On the subject of MS Office, there is a very good free alternative, it's called Open Office - no alleged software pirate should be caught without Open Office installed on their PC(s). I wonder when the BSA will start accusing Open Office users of being s/w pirates...
 
A good article there that summarises realities as opposed to fiction which the BSA releases on a regular basis.

On the subject of MS Office, there is a very good free alternative, it's called Open Office - no alleged software pirate should be caught without Open Office installed on their PC(s). I wonder when the BSA will start accusing Open Office users of being s/w pirates...

I have experienced a few bugs in my versions of OpenOffice, but it certainly is a worthy counterpart to office. There are not many pieces of software left for which there isn't a free OpenSource alternative, that either does the same job, or performs better than its M$ equivalent.
 
I have experienced a few bugs in my versions of OpenOffice, but it certainly is a worthy counterpart to office. There are not many pieces of software left for which there isn't a free OpenSource alternative, that either does the same job, or performs better than its M$ equivalent.
One of the reasons I decided not to upgrade my MS Office 2000, was the pricetag attached to the horrid bugginess of MS Office.

The reality is that no software can be considered to have no bugs -especially over time when s/w gets used for slightly different purposes & deployments than what it was originally designed for, not that that really applies to this discussion, just a general statement.
 
One of the reasons I decided not to upgrade my MS Office 2000, was the pricetag attached to the horrid bugginess of MS Office.

The reality is that no software can be considered to have no bugs -especially over time when s/w gets used for slightly different purposes & deployments than what it was originally designed for, not that that really applies to this discussion, just a general statement.

Indeed.

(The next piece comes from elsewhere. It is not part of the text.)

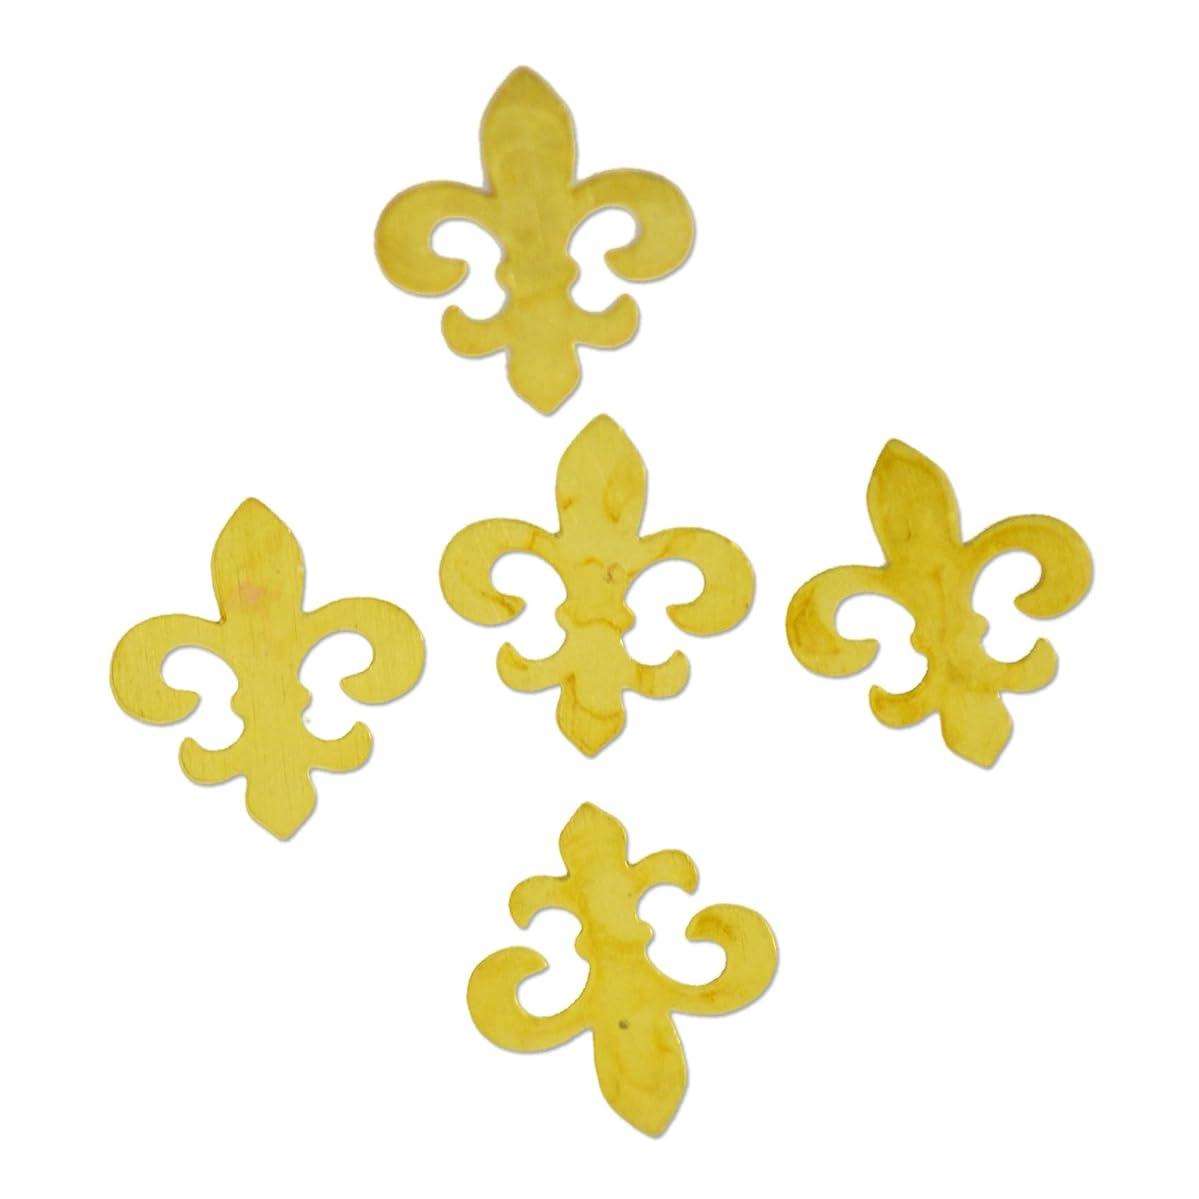 ガチョウ違反する帝国薄型メタルパーツ10048 百合の紋章 リリィ5mm×6mm ゴールド 20p入り

The problem is that M$ want to charge and arm and a leg for the same bug-ridden software. Makes me :sick:
 
A good article there that summarises realities as opposed to fiction which the BSA releases on a regular basis.

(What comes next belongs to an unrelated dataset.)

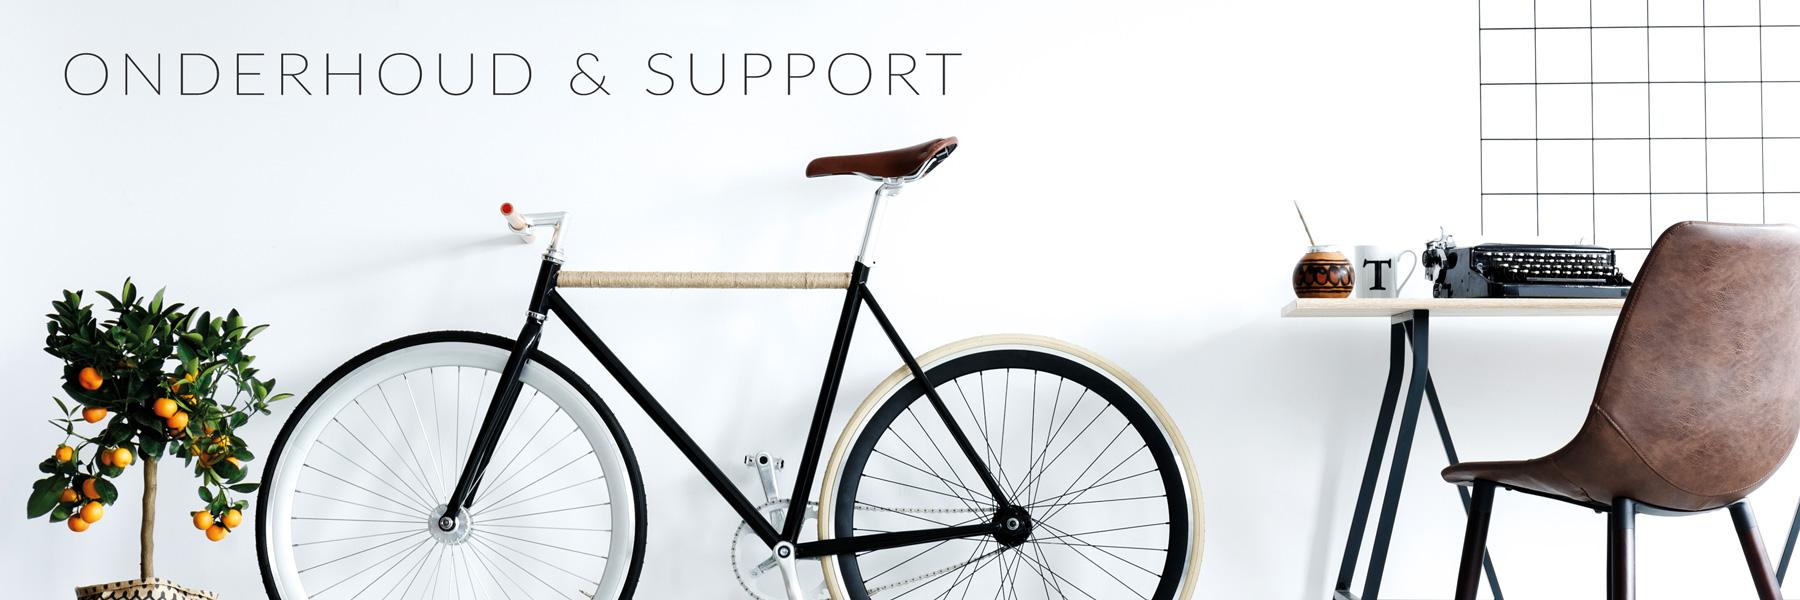 Wordpress onderhoud & support voor jouw website

On the subject of MS Office, there is a very good free alternative, it's called Open Office - no alleged software pirate should be caught without Open Office installed on their PC(s). I wonder when the BSA will start accusing Open Office users of being s/w pirates...

Yeah, won't that be a scene. "Opensource programmers arrested for pirating M$ code" :D
 
PS Thinking about Software and Intellectual property almost instantly gets you thinking about the movie industry and piracy in general...... Are ludicrous profits the plague of capitalism? How much profit does the average movie theater generate?

No, ludicrous profits are the "plague" of most industries that get some kind of an artificial monopoly from the government. That can be in anything like oil (only you can drill in the ground), telecommunications (only you can lay cables in the ground), or intellectual property (only you can make copies). Capitalism is just a nice convenient scapegoat for excessive protectionism.
 
all these people (bsa and such) are exaggerating a problem that stems from somewhere else, don't treat the decease but rather the cause?